Exercise details ::
With the line containing "Editor: Maeght" as the starting point, output every line of the data below through its final line, character for character.

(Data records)

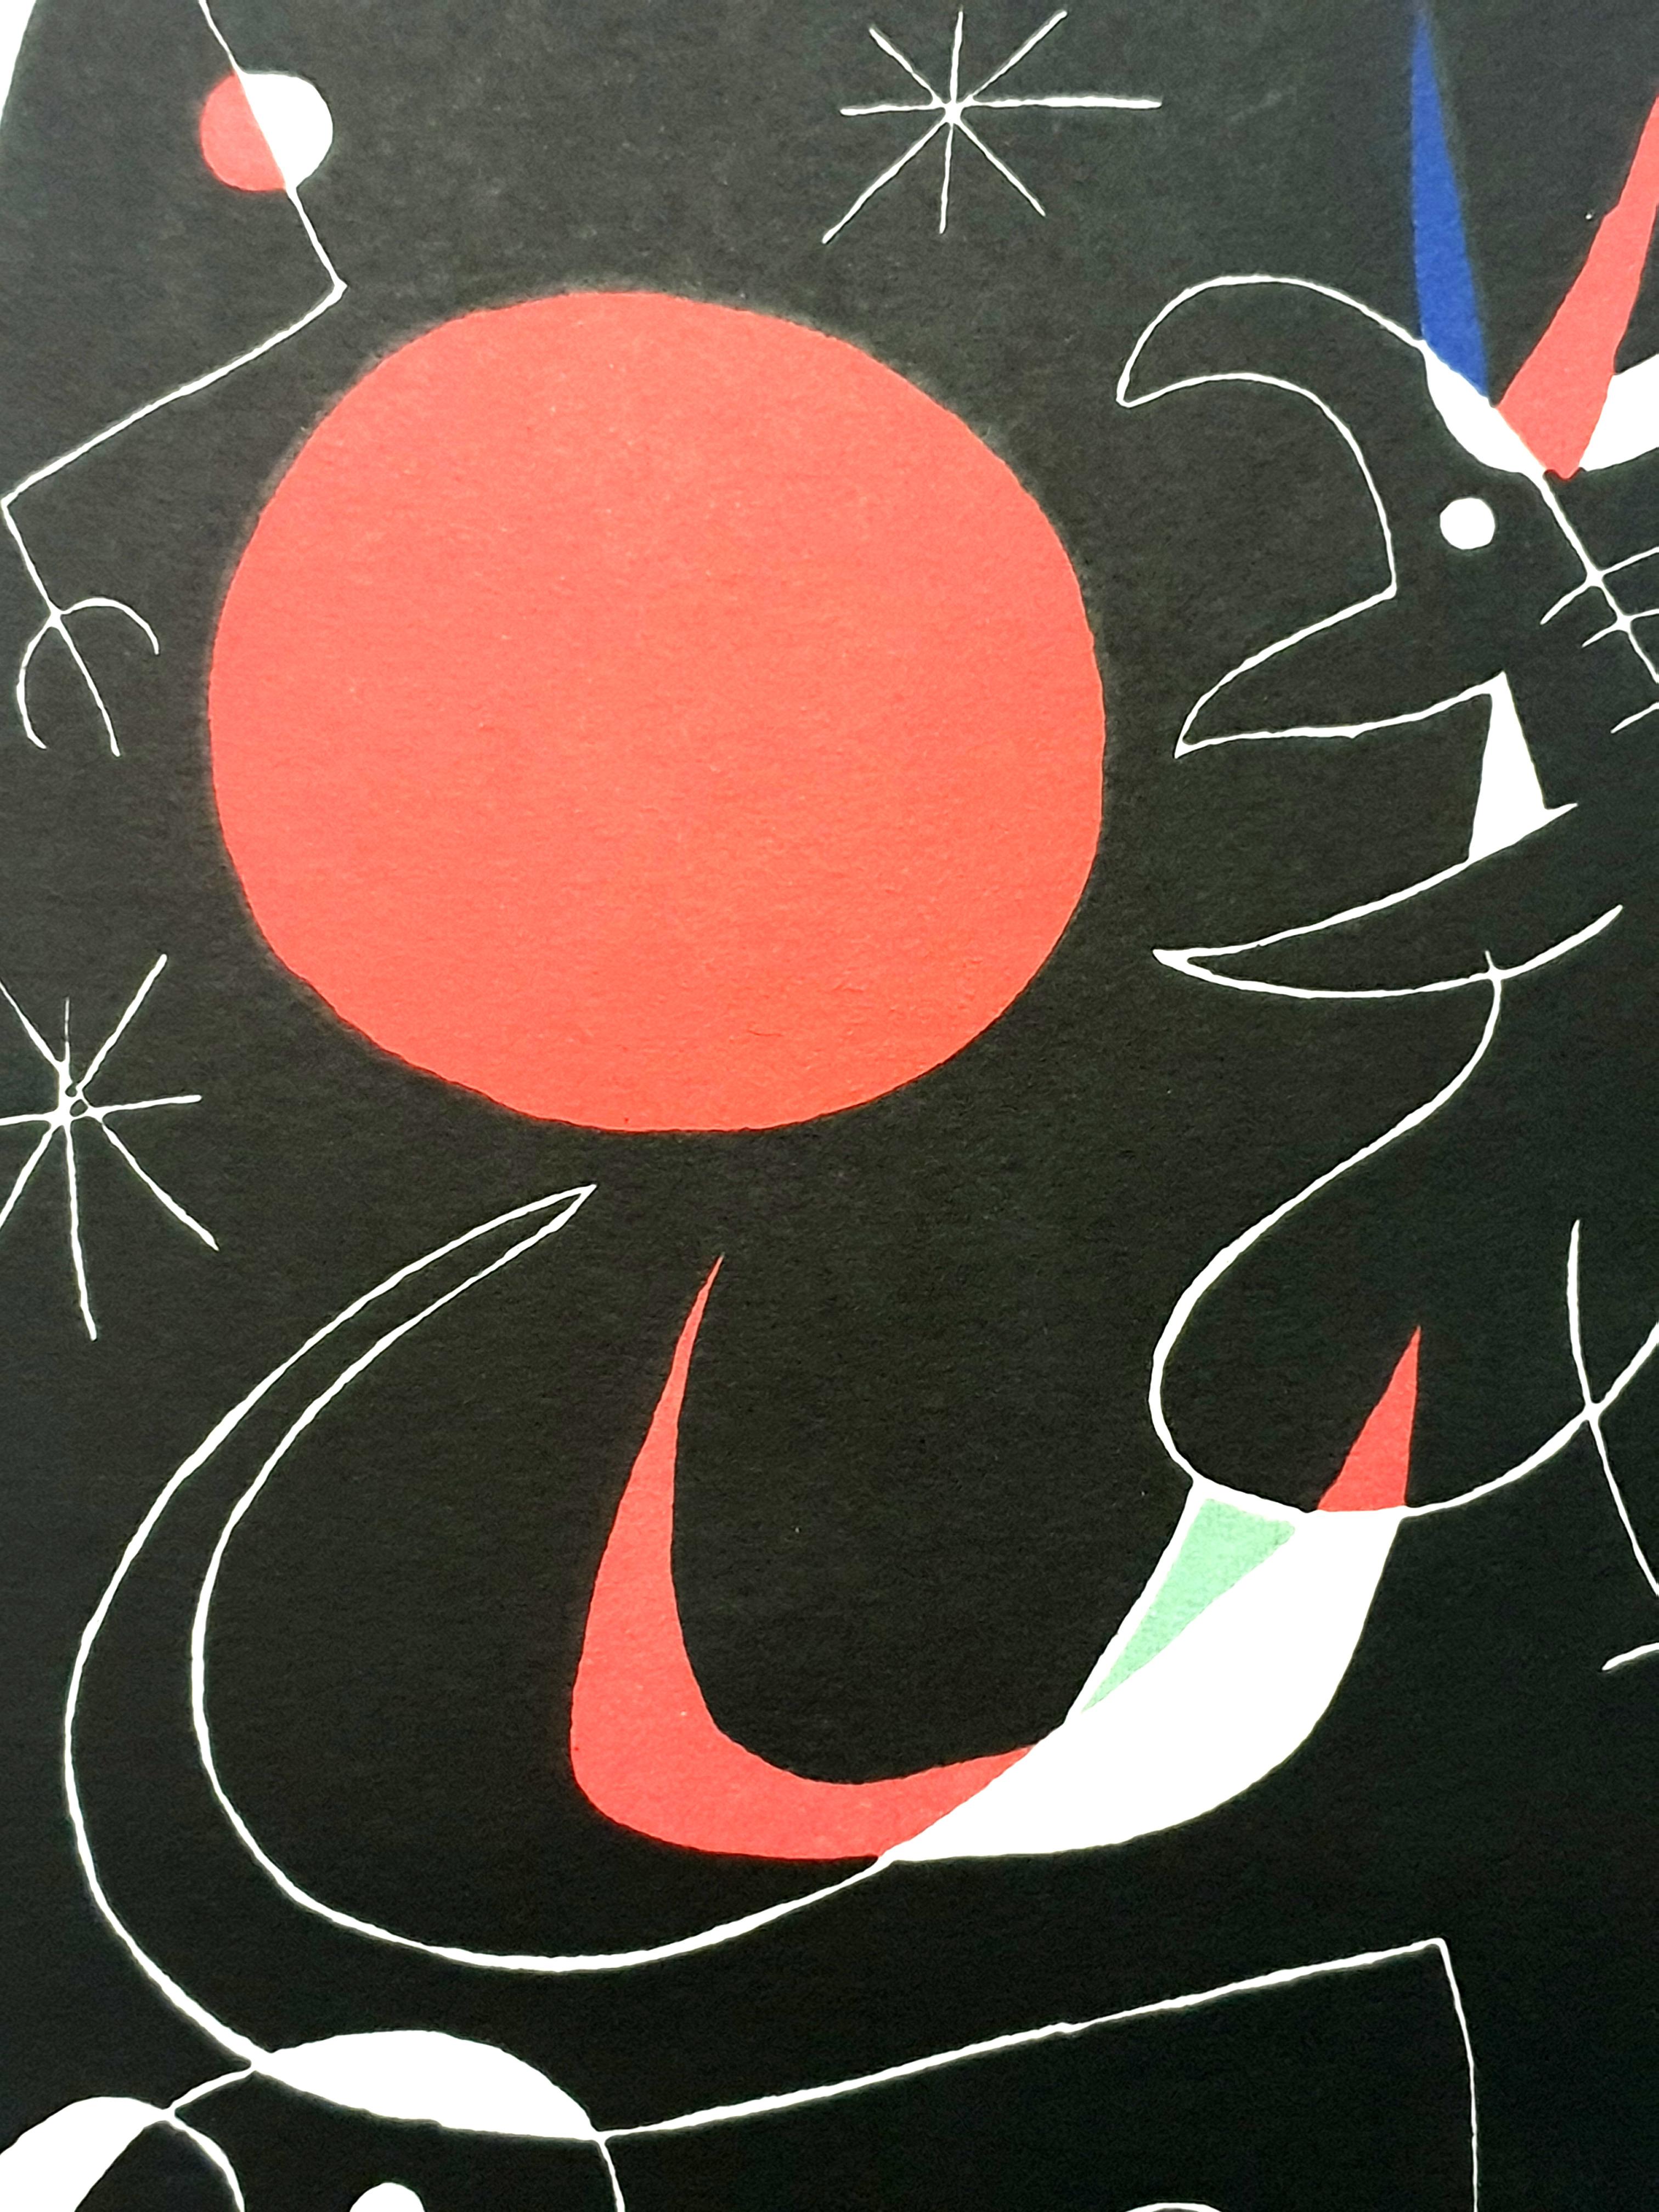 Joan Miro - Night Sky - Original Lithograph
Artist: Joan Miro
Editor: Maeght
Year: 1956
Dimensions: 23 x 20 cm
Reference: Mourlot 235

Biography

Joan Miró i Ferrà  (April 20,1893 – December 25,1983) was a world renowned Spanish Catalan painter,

Written solution ::
Editor: Maeght
Year: 1956
Dimensions: 23 x 20 cm
Reference: Mourlot 235

Biography

Joan Miró i Ferrà  (April 20,1893 – December 25,1983) was a world renowned Spanish Catalan painter,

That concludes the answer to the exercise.